The temporary joint is provided by way of a breakable retaining member 112 (shown within the dotted box of Figure 1), which acts to retain the third conductor 110 in electrical contact in direct electrical and physical contact with the first and second conductors 106, 108 to define the current conduction path. Contact surfaces at which the first conductor 106 contacts the third conductor 110, and at which the second conductor 108 contacts the third conductor 110, may extend generally parallel to one another in order to facilitate this direct electrical and physical contact.
The breakable retaining member (or retaining member) 112 may be breakable through material and/or form. In the arrangement described with reference to Figures 1 and 2, the retaining member 112 is breakable mainly through form, due to the introduction of a mechanical weakness within the retaining member 112. Retaining member 112 may be electrically conductive or electrically insulating; however, the retaining member 112 may be electrically isolated from the third conductor 110 in order to maintain good electrical contact between the first 106, second 108 and third 110 conductors. At least one breakable retaining member 112 may be provided; for example there may be one retaining member, or a plurality of retaining members (two, three, four, or more), as required.
The retaining member 112 retains the third conductor 110 by exerting, or applying, a force in a direction substantially opposite to a direction of movement of the third conductor 110 when the switch is in operation; the reaction force between the retaining member 112 and the portions of the switch housing 114 which support the retaining member acts to resist motion of the third conductor until an actuating force greater than the force supplied by the retaining member 112 is applied. In particular, the retaining member 112 is retained in a fixed position by the housing 114, i.e. is rigidly fixed or secured to the housing; in this way, the third conductor 110 may be retained in the first, closed, position by the retaining member 112, and can therefore be subjected to relatively large vibrations from the environment in which it is deployed without the switch opening (provided the vibrations are not so large as to break the breakable retaining member 112). This can improve the resilience and utility of the switch 100.
An actuating force is here provided by a pyrotechnic actuator 102, arranged to release gas into an ignition chamber 104 upon ignition. The pyrotechnic actuator 102 comprises connector pins 102a and an igniter 102b. The connector pins 102a activate a charge inside the igniters 102b upon receipt of an ignition signal.
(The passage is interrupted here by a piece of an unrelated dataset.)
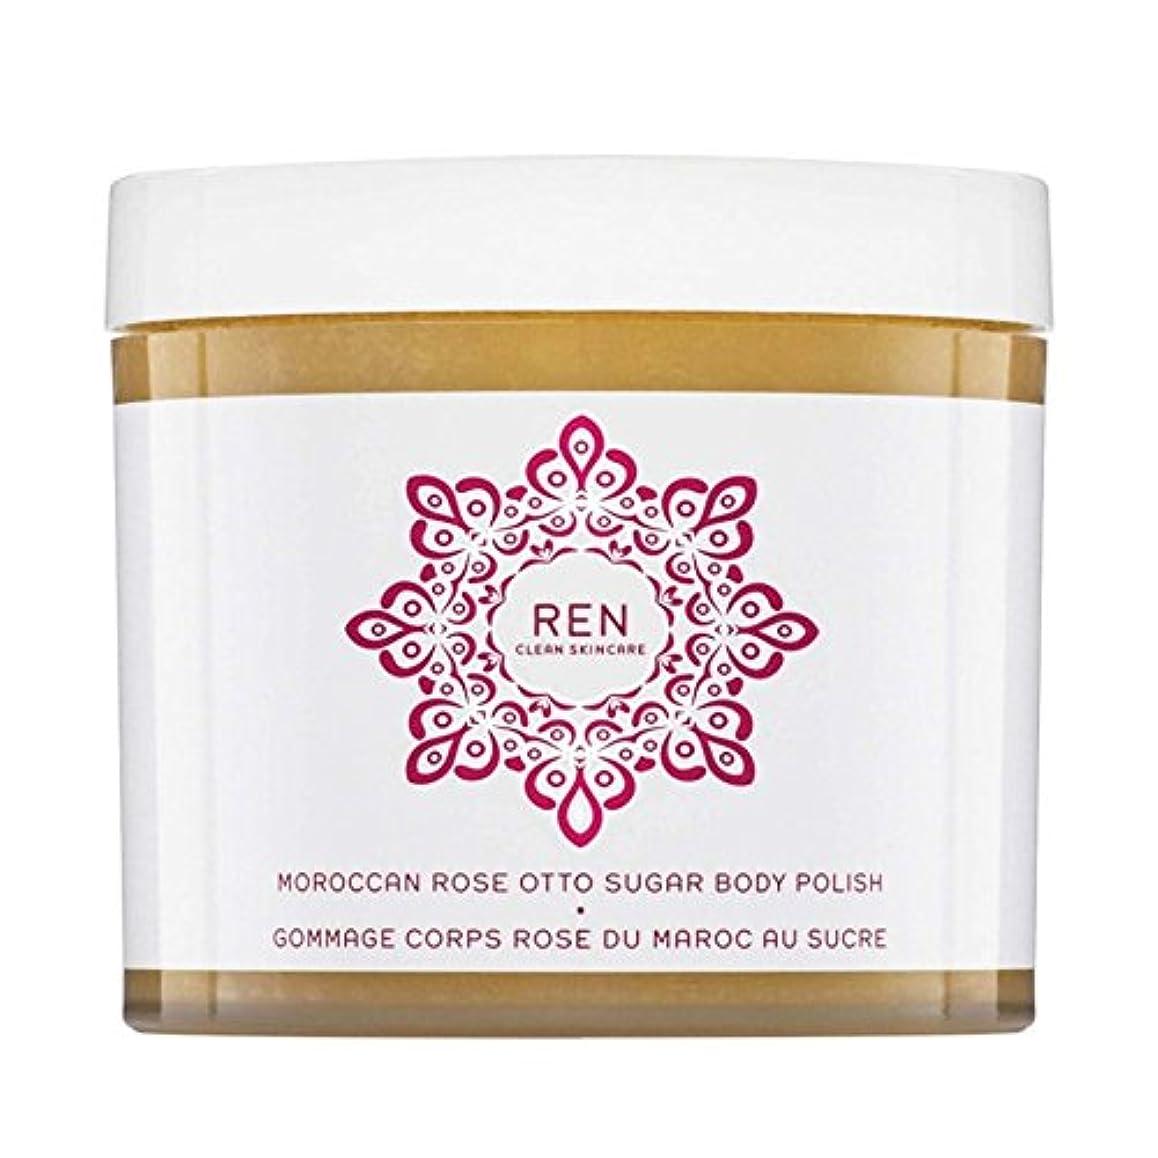 ラジカル単に電気陽性REN Moroccan Rose Otto Sugar Body Polish 330ml - モロッコは、糖体ポリッシュ330ミリリットルをオットーローズ [並行輸入品]
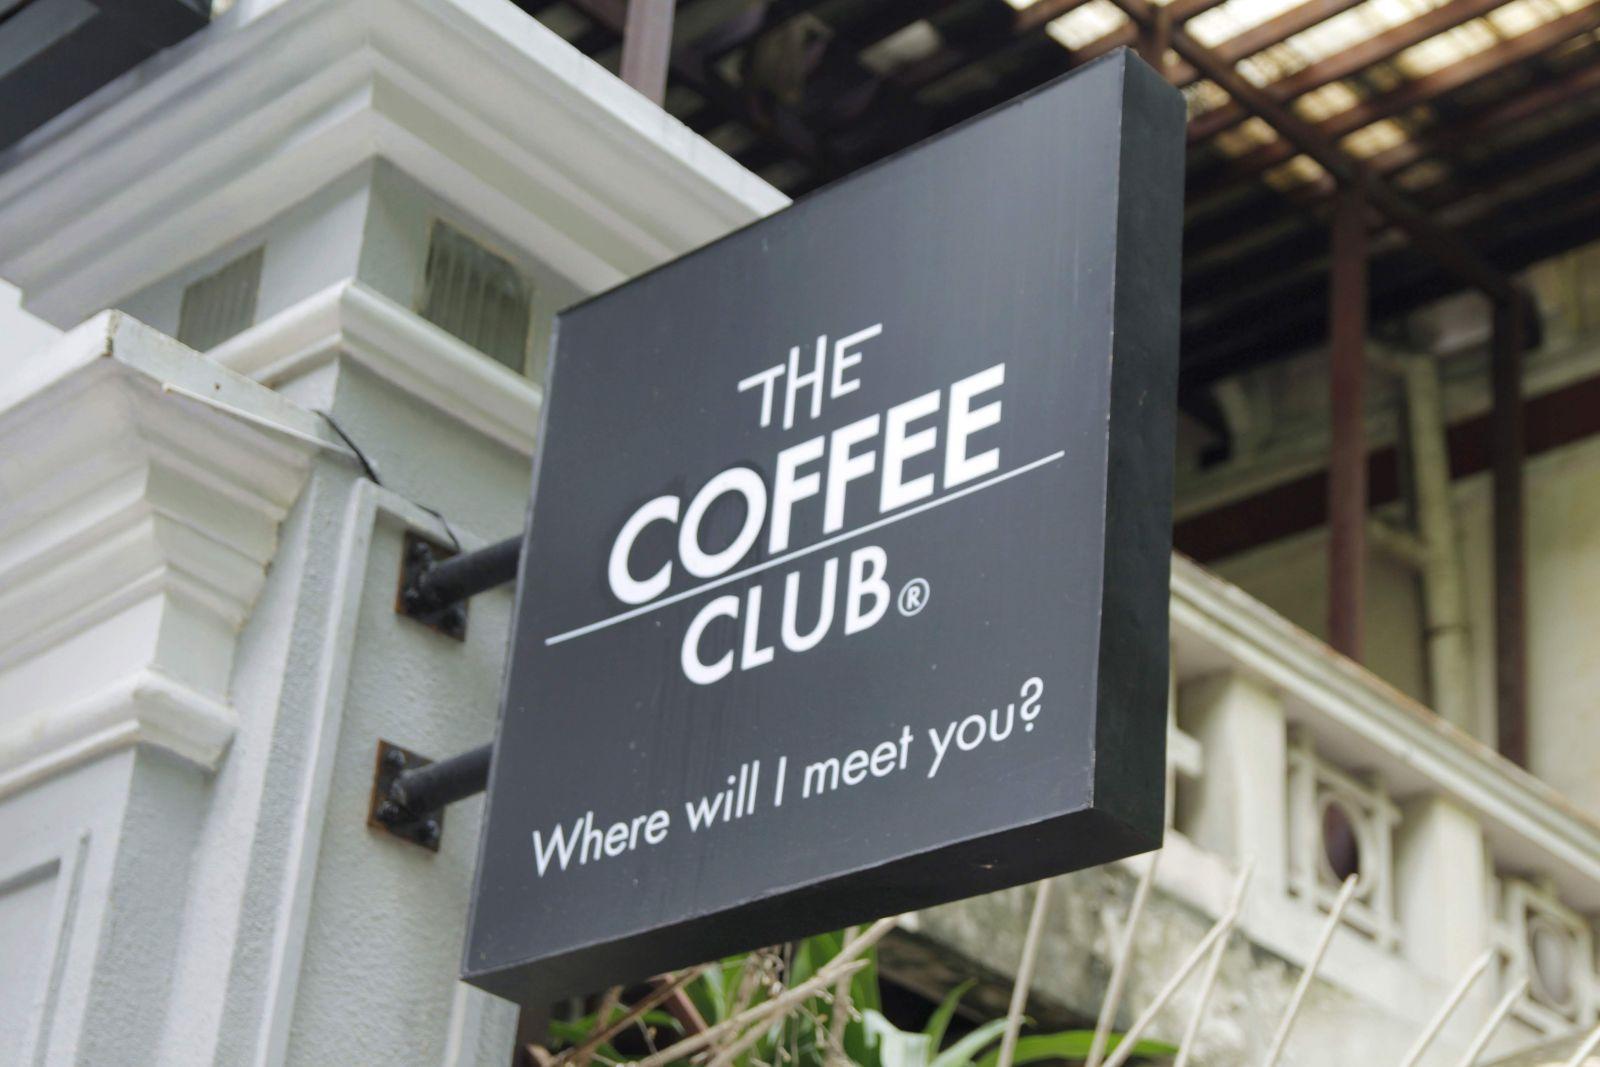 the coffee club hàn thuyên nổi bật tại quận 1 tphcm

The pyrotechnic actuator 102 is arranged to, upon activation or ignition of the charge, expel gas into the ignition chamber 104. In this arrangement, the switch comprises a piston 120, which piston comprises a void that defines the ignition chamber. However, it will be understood that the piston may not be provided within the switch, and the ignition chamber may be otherwise defined (for example, it may be defined by a void provided within the housing).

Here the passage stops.